Comment pallier à cela ?
Il faut réinvestir dans l’agriculture. Il faut retourner à des taux élevés de croissance des produits alimentaires. Et à ce titre, l’Afrique dispose d’un potentiel considérable, dans la mesure où l’on part d’une productivité très basse. Depuis 2006, à la Fao, nous travaillons beaucoup sur cet aspect de la productivité. Au lendemain du G20 à Paris, les ministres nous ont chargé, avec l’Organisation de coopération et de développement économique (Ocde) de coordonner dix organisations nationales afin d’émettre des recommandations en matière de productivité. En priorité, le rapport, remis en novembre dernier, insiste sur la nécessité d’augmenter les investissements dans l’agriculture.

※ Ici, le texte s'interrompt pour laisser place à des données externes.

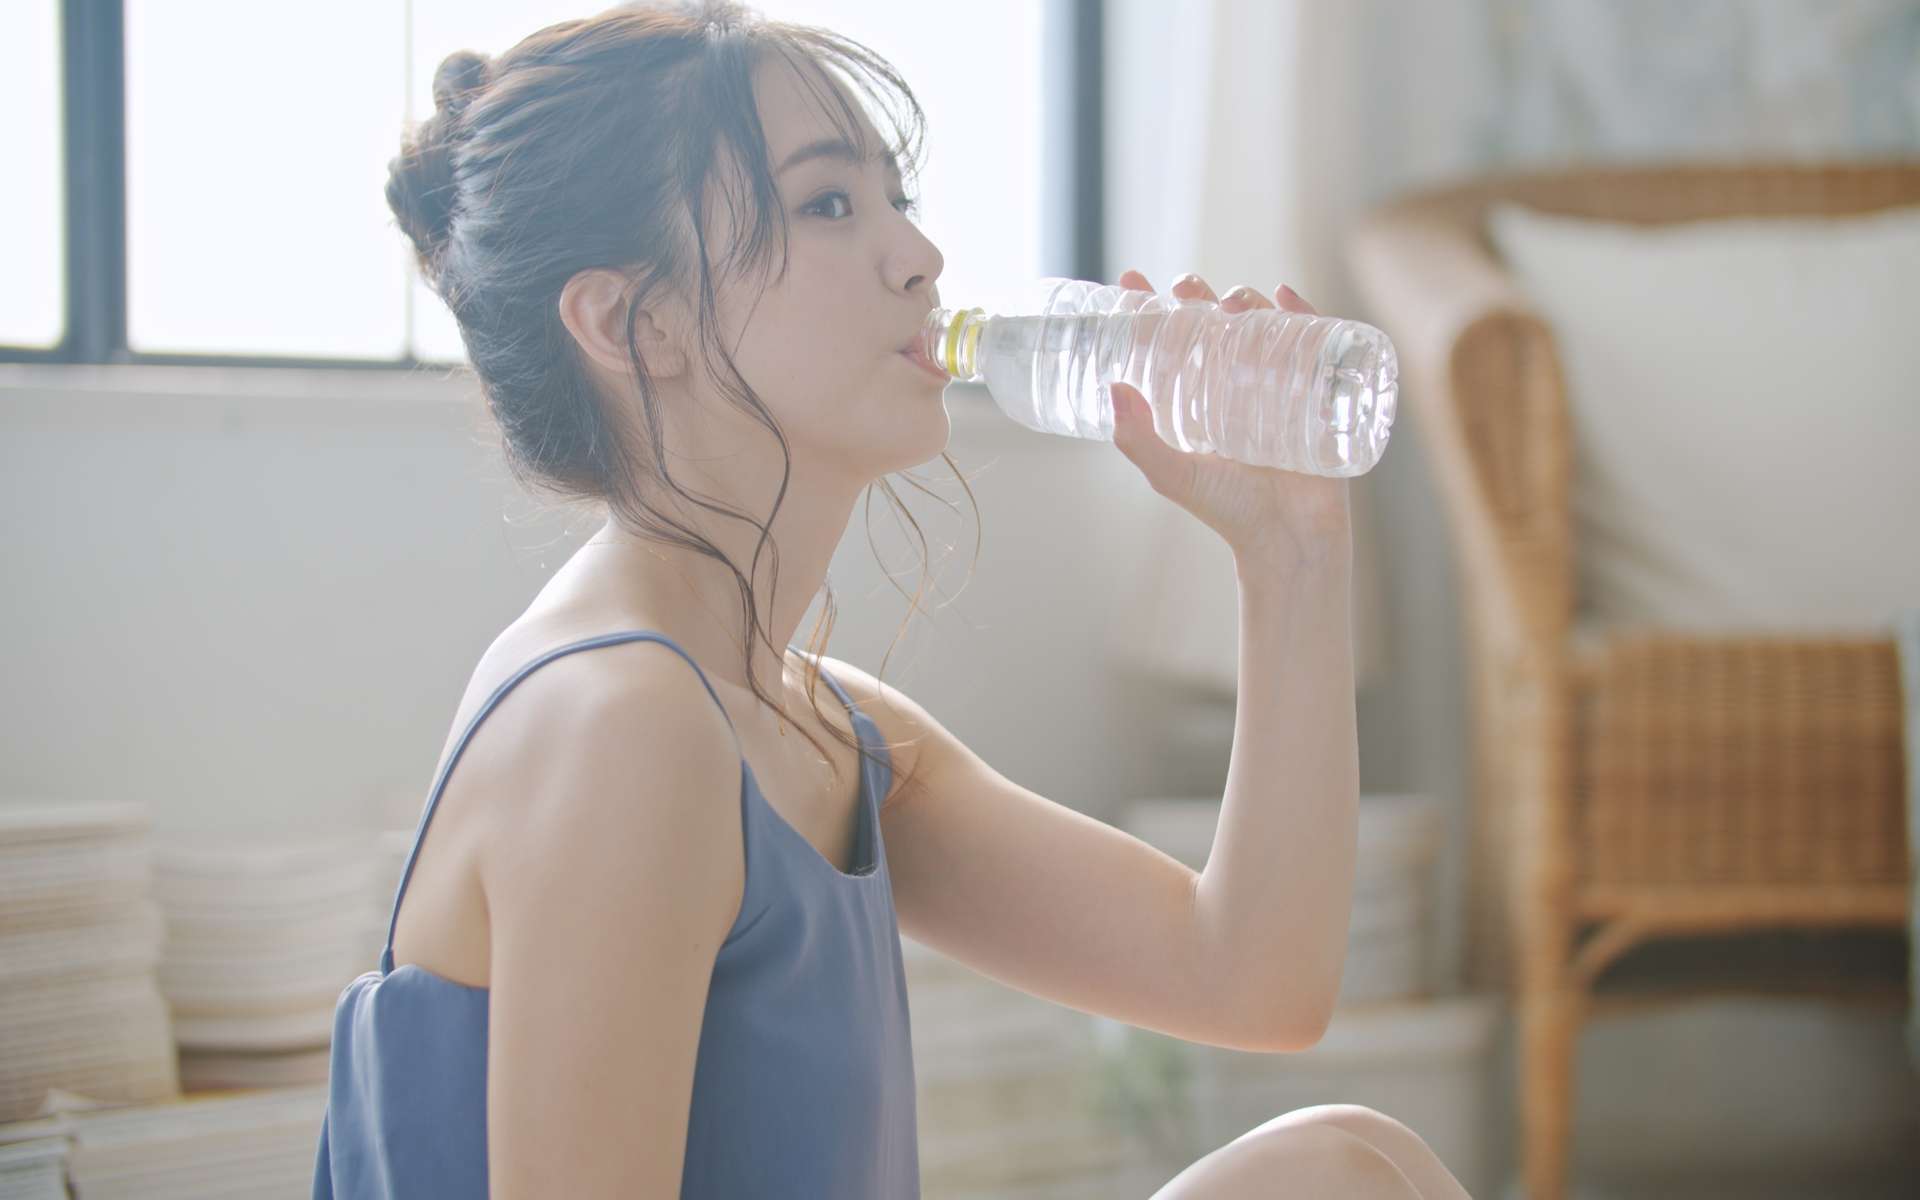 Ne pas boire assez d'eau expose à des problèmes de santé sérieux

Quel est l’impact de l’augmentation des prix alimentaires sur les fermiers dans les pays pauvres ? Et que faites-vous en termes de prévention dans la Corne d’Afrique ? (Addis Fortune)

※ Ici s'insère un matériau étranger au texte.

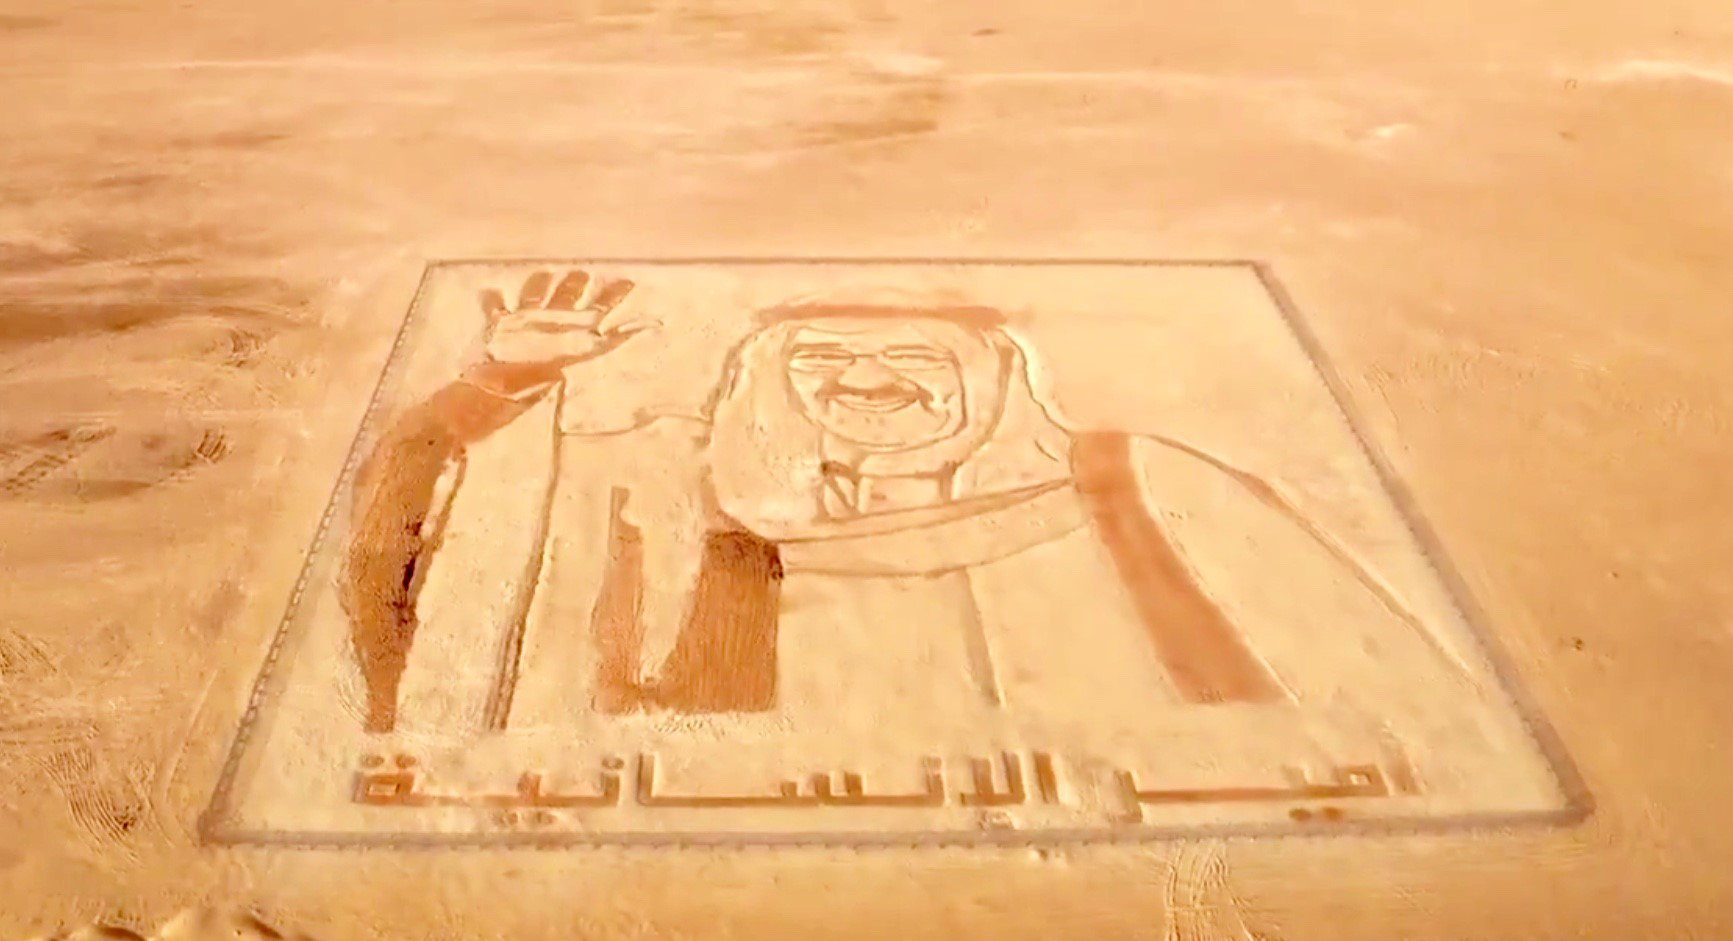 اللوحة الرملية الأكبر في في العالم والتي تحمل صورة سمو أمير البلاد الشيخ صباح الأحمد الجابر الصباح والتي تم رسمها في دبي

Les données dont nous disposons montrent que les situations varient d’un pays à l’autre. Dans certains pays, l’augmentation des prix s’est traduite par une augmentation des prix pour les fermiers. Dans d’autres pays, ce n’est pas le cas ; et cela est dû en général aux gouvernements qui limitent cette transmission du marché global aux fermiers. L’augmentation des prix devrait être une opportunité pour les fermiers. Ce n’est vrai que si le prix du marché international est répercuté sur les producteurs ; que si, aussi, l’augmentation du prix des produits alimentaires se traduit par une augmentation de la productivité. Et, je le répète, tout cela n’est possible que si les producteurs, les fermiers, ont accès aux infrastructures leur permettant d’écouler leurs produits, aux intrants - comme les semences, les fertilisants, etc. – de même que d’autres variables, permettant essentiellement d’augmenter la production. Au sein de l’Ocde (qui regroupe 34 pays membres, pour la plupart développés, et représente 80% du Pib mondial- Ndlr) cette répercussion de l’augmentation des prix sur la productivité n’a affecté que 10% du bloc. C’est dire que cette répercussion est d’autant plus difficile pour les pays en développement qui n’ont pas le même accès aux ressources.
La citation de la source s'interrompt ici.